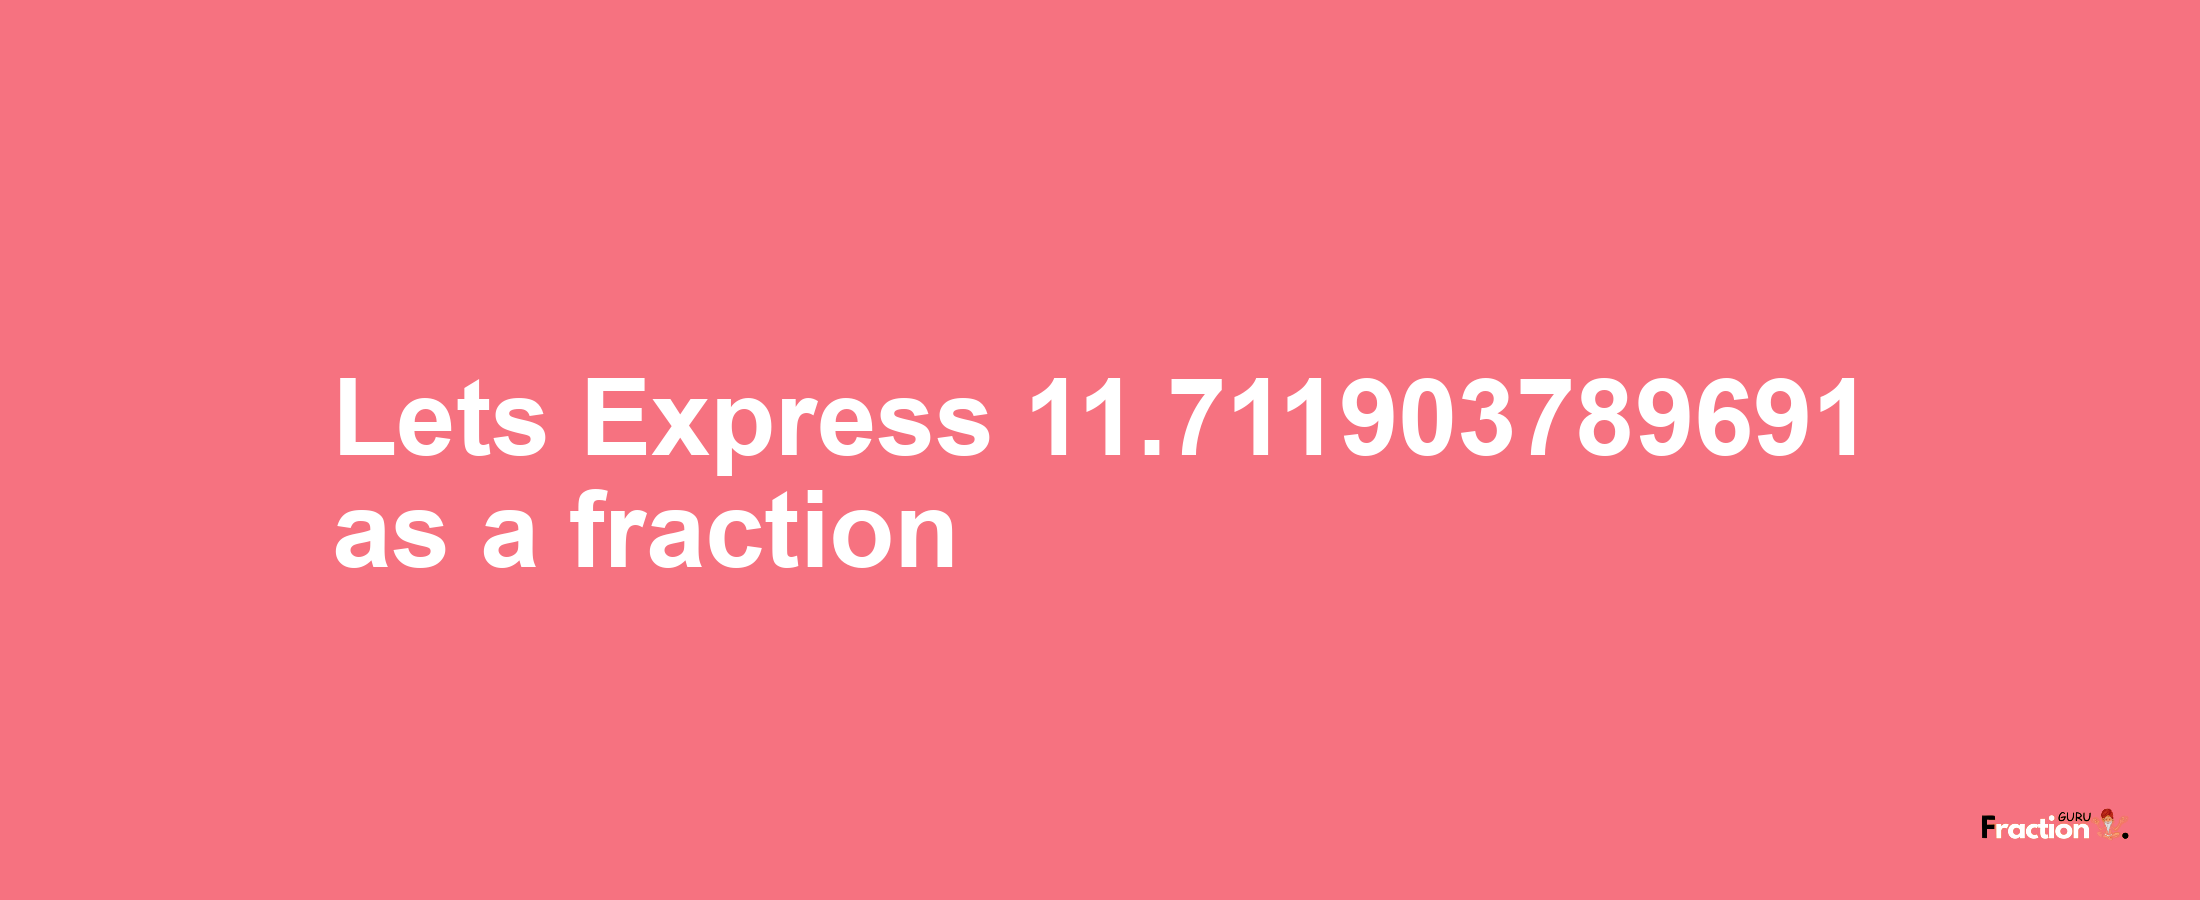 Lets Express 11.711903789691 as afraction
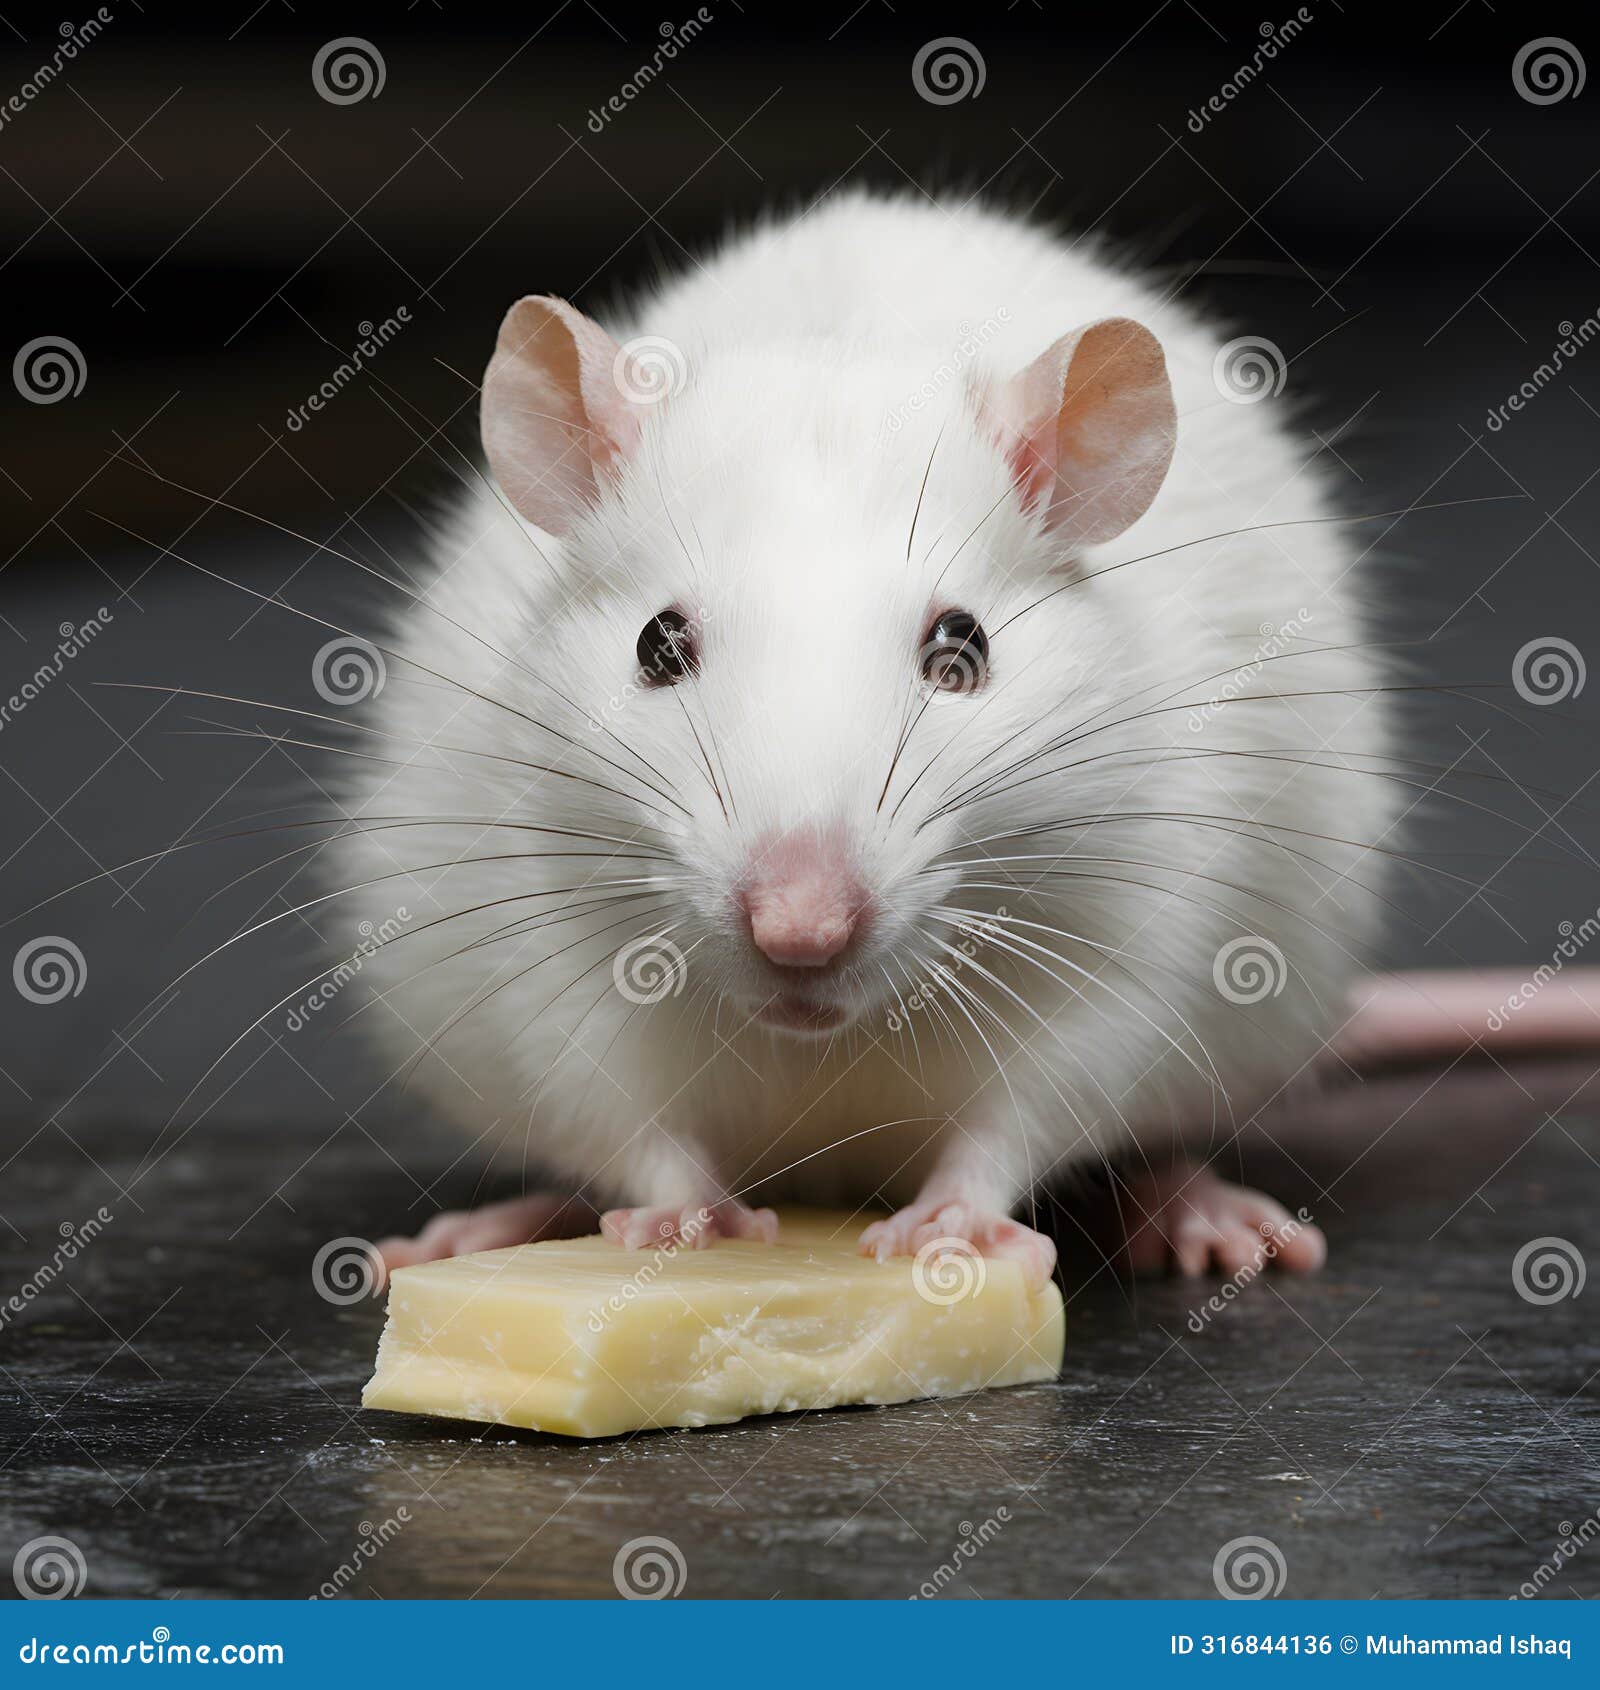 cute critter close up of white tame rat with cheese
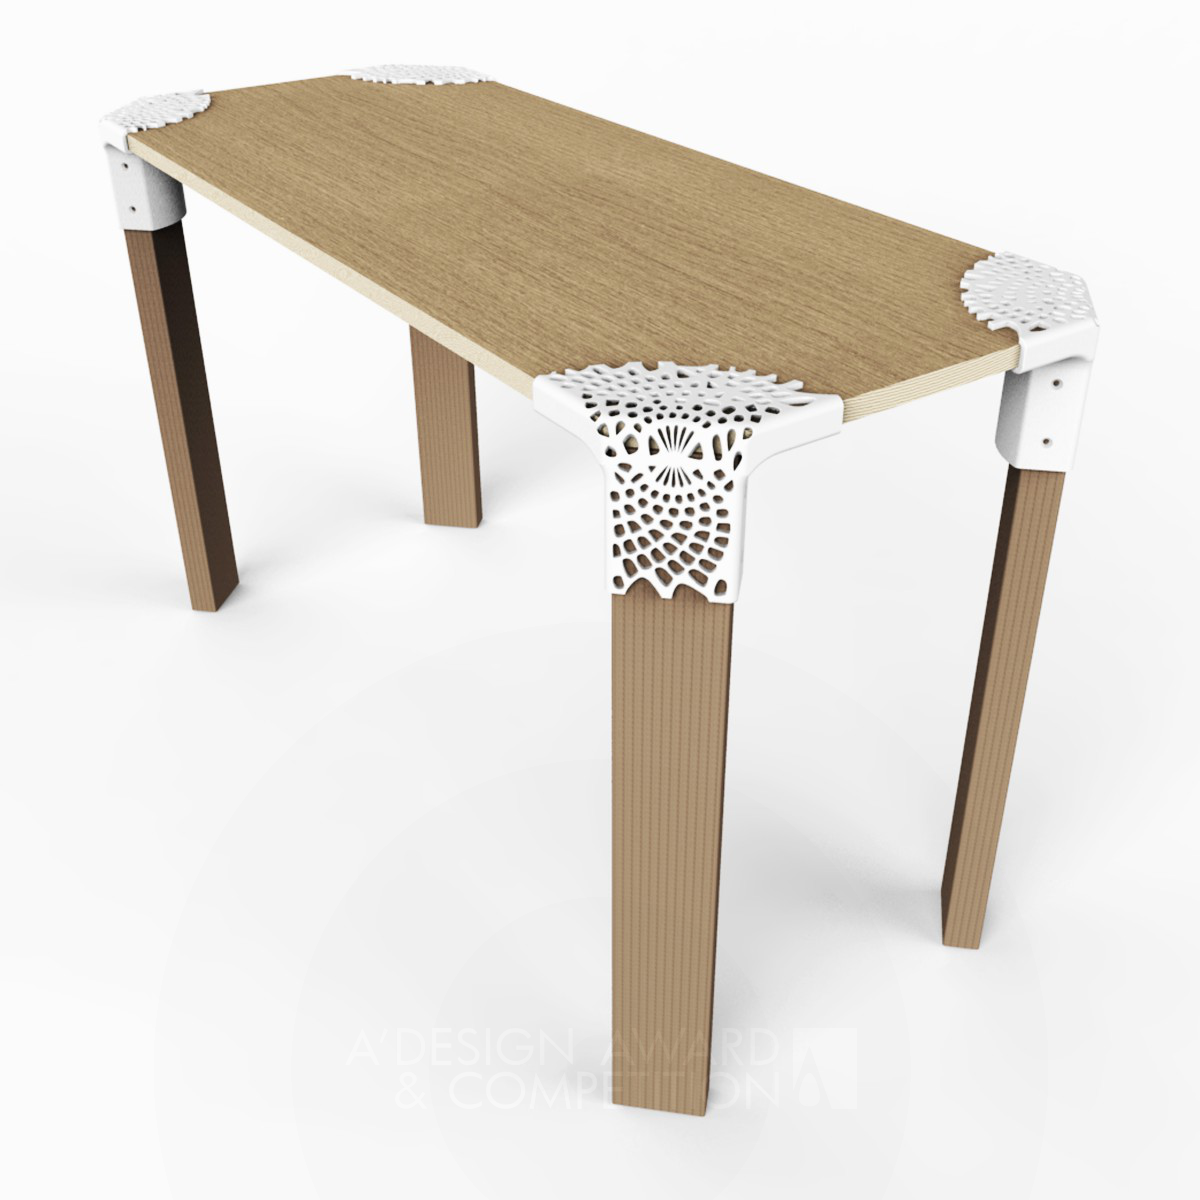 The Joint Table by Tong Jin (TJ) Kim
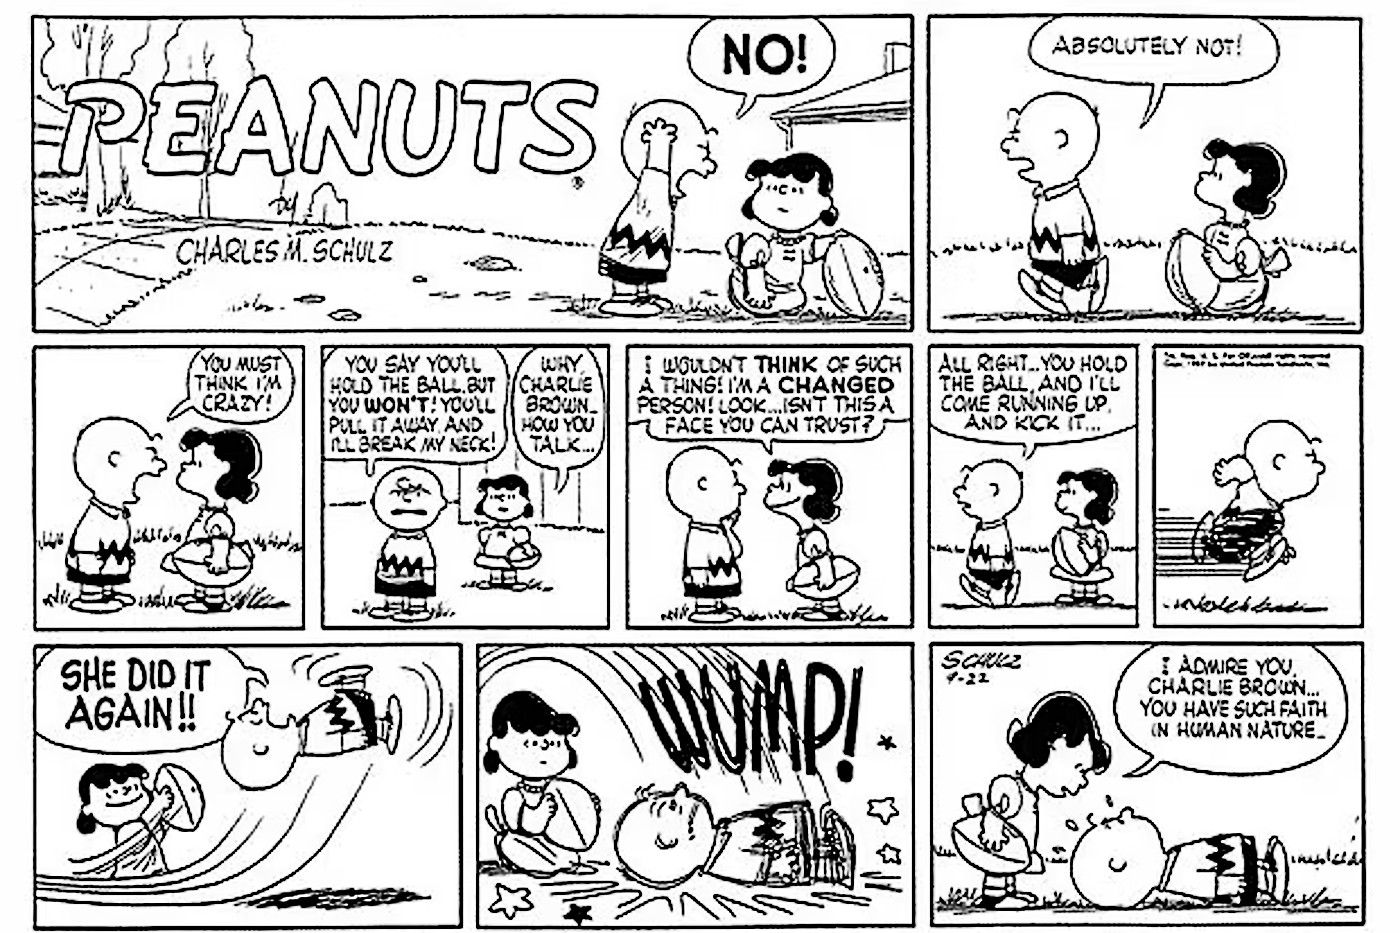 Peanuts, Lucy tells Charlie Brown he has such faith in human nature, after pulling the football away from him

-=-=-=-=-

TO DO |
With the pictures removed, copy the data above word for word.

WRITTEN ANSWER |
 Lets Express 11.711903789691 as afraction
 cute critter close up of white tame rat with cheese
 The Joint Table by Tong Jin (TJ) Kim
 Peanuts, Lucy tells Charlie Brown he has such faith in human nature, after pulling the football away from him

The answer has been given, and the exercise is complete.